Splitting by paragraph means that each natural segment in the source document is determined as a text unit.
Splitting by paragraph can be applied to the following situations:
the content of the source document is large, and the source document satisfies only one total document title without setting a plurality of primary titles subordinate to the document title. Or, the content of the source document is more, and a plurality of primary titles are set, but the content corresponding to each primary title is too long.
That is, in step S102, the number of characters included in the source document may be counted first to obtain the total number of characters of the source document, if the total number of characters of the source document is less than or equal to the preset first character number threshold, it is determined that the source document is not applicable to the splitting rule of splitting according to paragraphs, if the total number of characters of the source document is greater than the preset first character number threshold, it is continuously determined whether the source document is provided with a first-class header, and it is determined whether the number of characters of the content corresponding to each first-class header of the source document is greater than the second character number threshold.
If the total number of characters of the source document is larger than the first character number threshold value, and the source document is not provided with the first-level titles, or the total number of characters of the source document is larger than the first character number threshold value, the source document is provided with the first-level titles, but the number of characters of the content corresponding to each first-level title is larger than the second character number, the source document is judged to be suitable for the paragraph splitting rule. Then, in step S102, each natural piece of the source document is identified and extracted one by one, and each extracted natural piece is determined as one text unit.
If the two conditions are not met, judging that the source document is not suitable for the splitting rule of splitting according to paragraphs.
Splitting according to the titles means that the content corresponding to each primary title in the source document is determined as a text unit.
Referring to fig. 2, a source document may be provided with a plurality of subordinate primary headings in addition to the general document title (e.g., "XX business description" in fig. 2), each primary heading corresponding to the content of an aspect of the source document, for example, the primary headings in fig. 2 have "business profile", "business process", "required material", "notice", etc.
After detecting that the source document has set a plurality of first-level titles in a style similar to that of fig. 2, the rule of splitting by title may be directly applied to the source document, and at this time, the specific implementation process of step S102 may be:
firstly, recognizing each primary title of a source document one by one, and then determining the text content corresponding to each primary title as a text unit.

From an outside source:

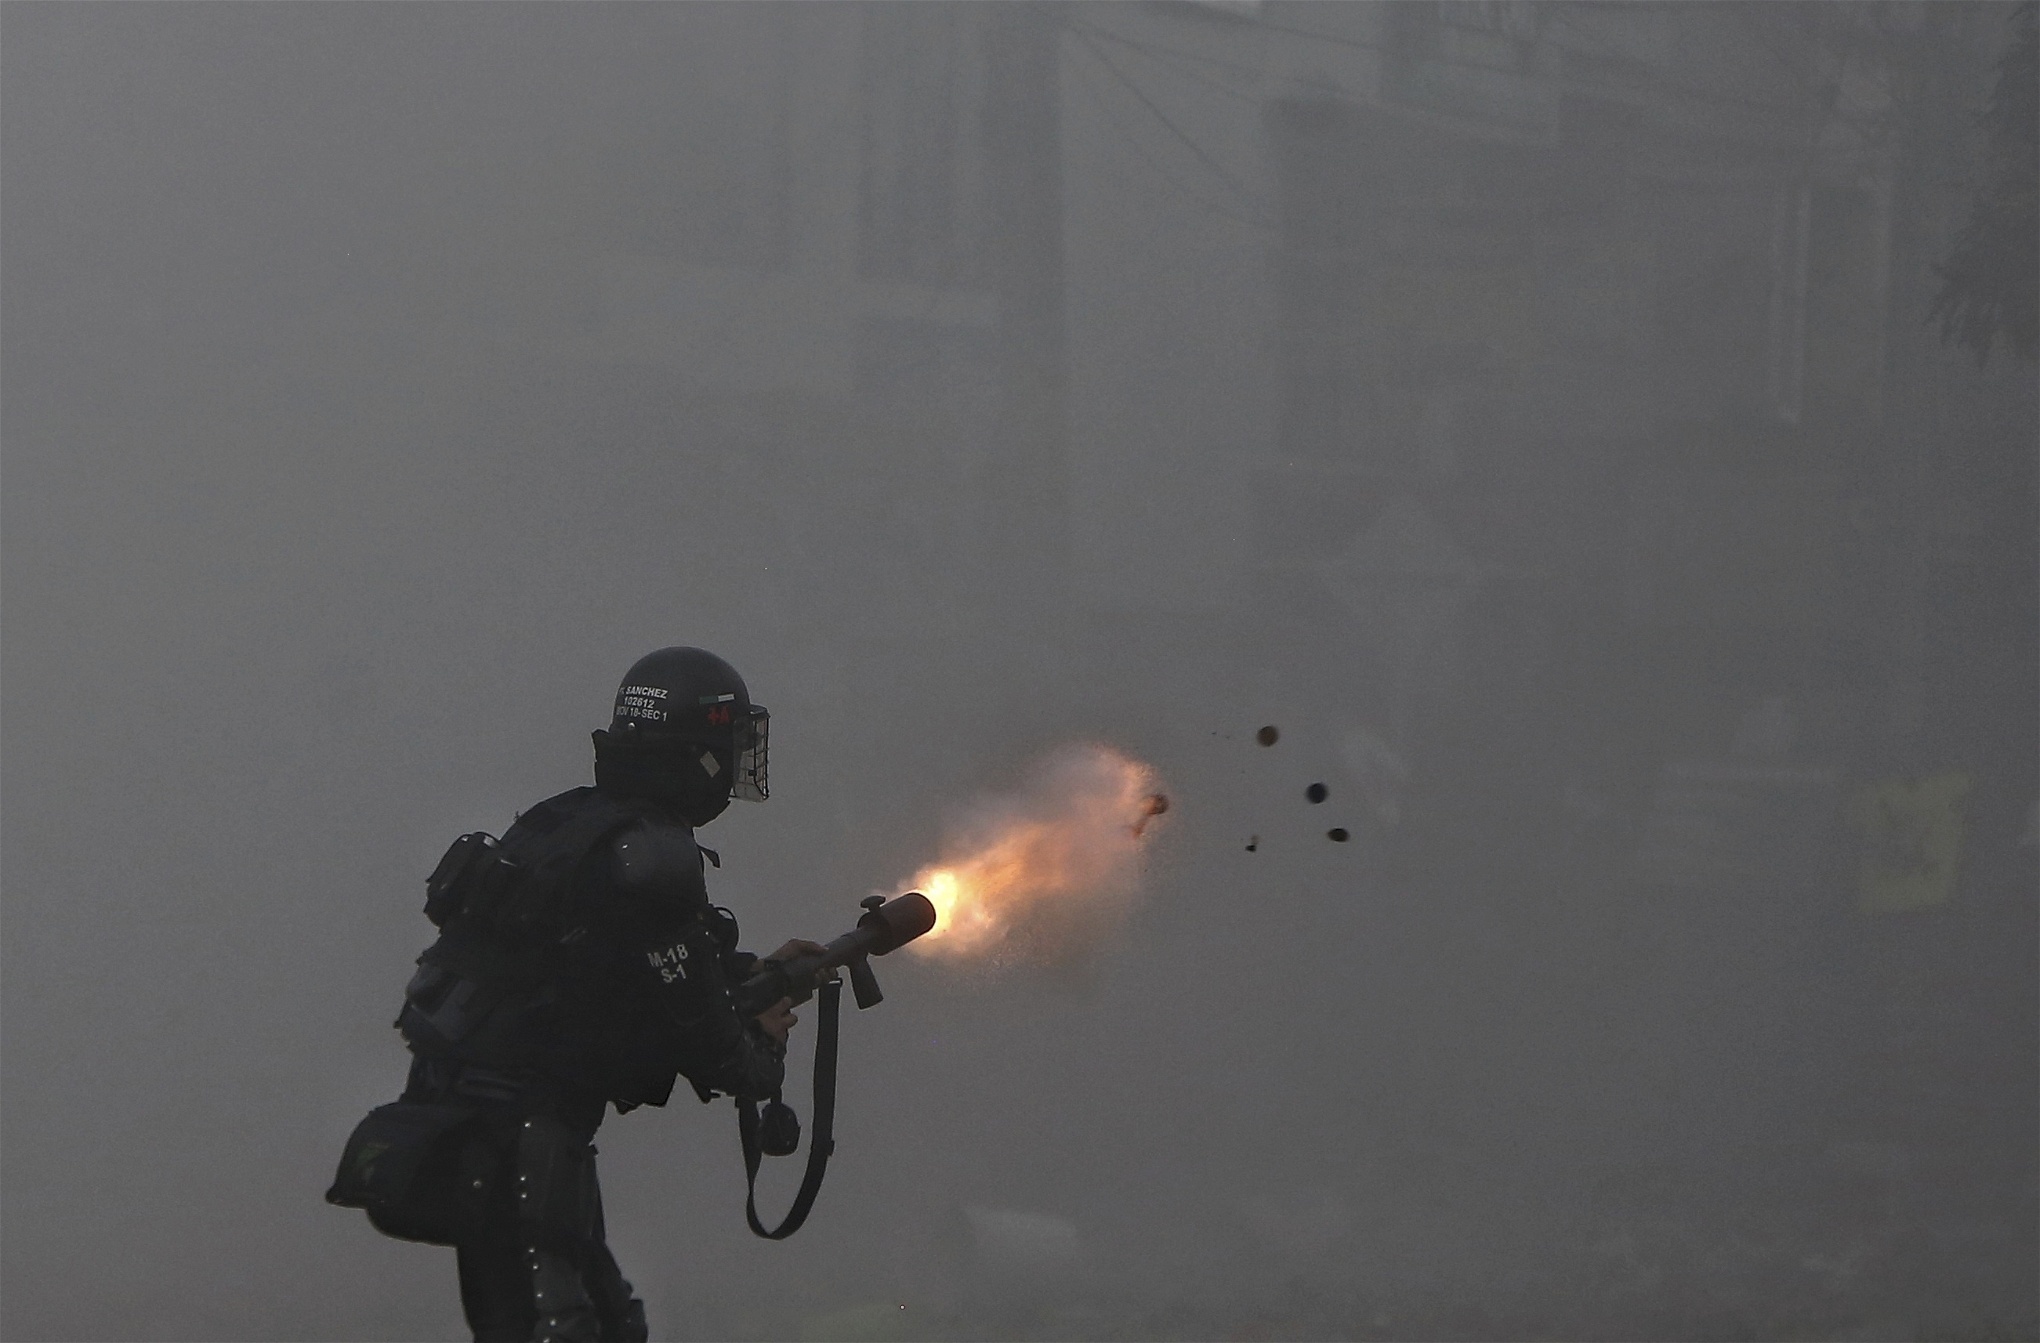 En polis skjuter tårgas mot demonstranter i Cali den 3 maj. Polisen har under åtskilliga gånger anklagats för grovt övervåld. Foto: Andres Gonzalez/AP/TT

The text content corresponding to one primary title may be understood as the text content from the one primary title to the next primary title. For the last first-level title in the source document, all the text contents from the first-level title to the end of the source document belong to the text content corresponding to the last first-level title of the source document.
Taking fig. 2 as an example, for the primary heading "service profile", the text content between "service profile" and "transaction flow" may be determined as a text unit corresponding to the primary heading "service profile".
The whole splitting means that the whole source document is directly used as a text unit after irrelevant information in the source document is deleted. Irrelevant information in a source document refers to information irrelevant to a business corresponding to the source document, for example, a department or a person who composes the source document may be recorded in the source document, and a title of other documents referred by the source document may also be recorded, and the information is not directly related to the business corresponding to the source document and thus may be considered as irrelevant information.
And (4) the whole parsing is to identify the irrelevant information from the source document, delete all the irrelevant information, and take the deleted source document as a text unit.
The whole disassembly is suitable for the situation that the source document is short and exquisite, namely, the content of the source document is less. Therefore, after the source document is obtained, if the total number of characters of the source document obtained through statistics is smaller than a preset third character number threshold, the whole piece of parsing rule can be used for parsing the source document, otherwise, if the total number of characters of the source document is larger than the third character number threshold, it is determined that the source document is not applicable to the whole piece of parsing rule.
It should be noted that, in addition to splitting by using a certain splitting rule alone, two splitting rules may also be used to split the source document. For example, the two splitting rules of splitting by paragraph and splitting by title may be applied in combination. Specifically, if the source document is provided with a plurality of first-level titles, splitting the source document according to the titles, determining the content corresponding to each first-level title as a text unit, then, for each text unit, detecting whether the number of characters of the text unit is greater than a preset fourth character number threshold, if the number of characters of one text unit is greater than the fourth character number threshold, further performing splitting according to paragraphs on the text unit, and further splitting the text unit into a plurality of smaller text units.
S103, preprocessing operation is performed on the text unit to obtain a preprocessed text unit.
The preprocessing operation comprises any one or combination of text translation, paragraph division, abstract extraction and synonym labeling.
That is, in step S103, any one or more of the preprocessing operations may be selected and executed according to actual situations, for example, each of the preprocessing operations may be executed in sequence, and after all the preprocessing operations are executed, a preprocessed text unit is obtained.
Each of the pretreatment operations is described below:
first, text translation. Text translation is to translate words in text units that do not belong to a target language into words in the target language. Generally, the target language may be Chinese, and the text translation may be understood as translating non-Chinese words in a text unit into corresponding Chinese words.
The specific processing method may be to establish a foreign language vocabulary library in advance, in which a plurality of foreign language vocabularies (here, foreign language vocabularies are used to refer to non-chinese vocabularies) commonly found in the relevant field of banks and chinese vocabularies corresponding to each foreign language vocabulary are stored. The method comprises the steps of obtaining a text unit based on a foreign language word library, detecting whether foreign language words exist in the text unit or not, searching the foreign language words in the foreign language word library aiming at each foreign language word if at least one foreign language word is detected in the text unit, extracting Chinese words corresponding to the foreign language words recorded in the foreign language word library if the foreign language words are recorded in the foreign language word library, and converging the extracted Chinese words to be a translation result of the foreign language.
Optionally, when performing text translation, each foreign language word in the text unit may be replaced by a corresponding chinese word, or a bracket may be added after each foreign language word, and the chinese word corresponding to the foreign language word is filled in the bracket.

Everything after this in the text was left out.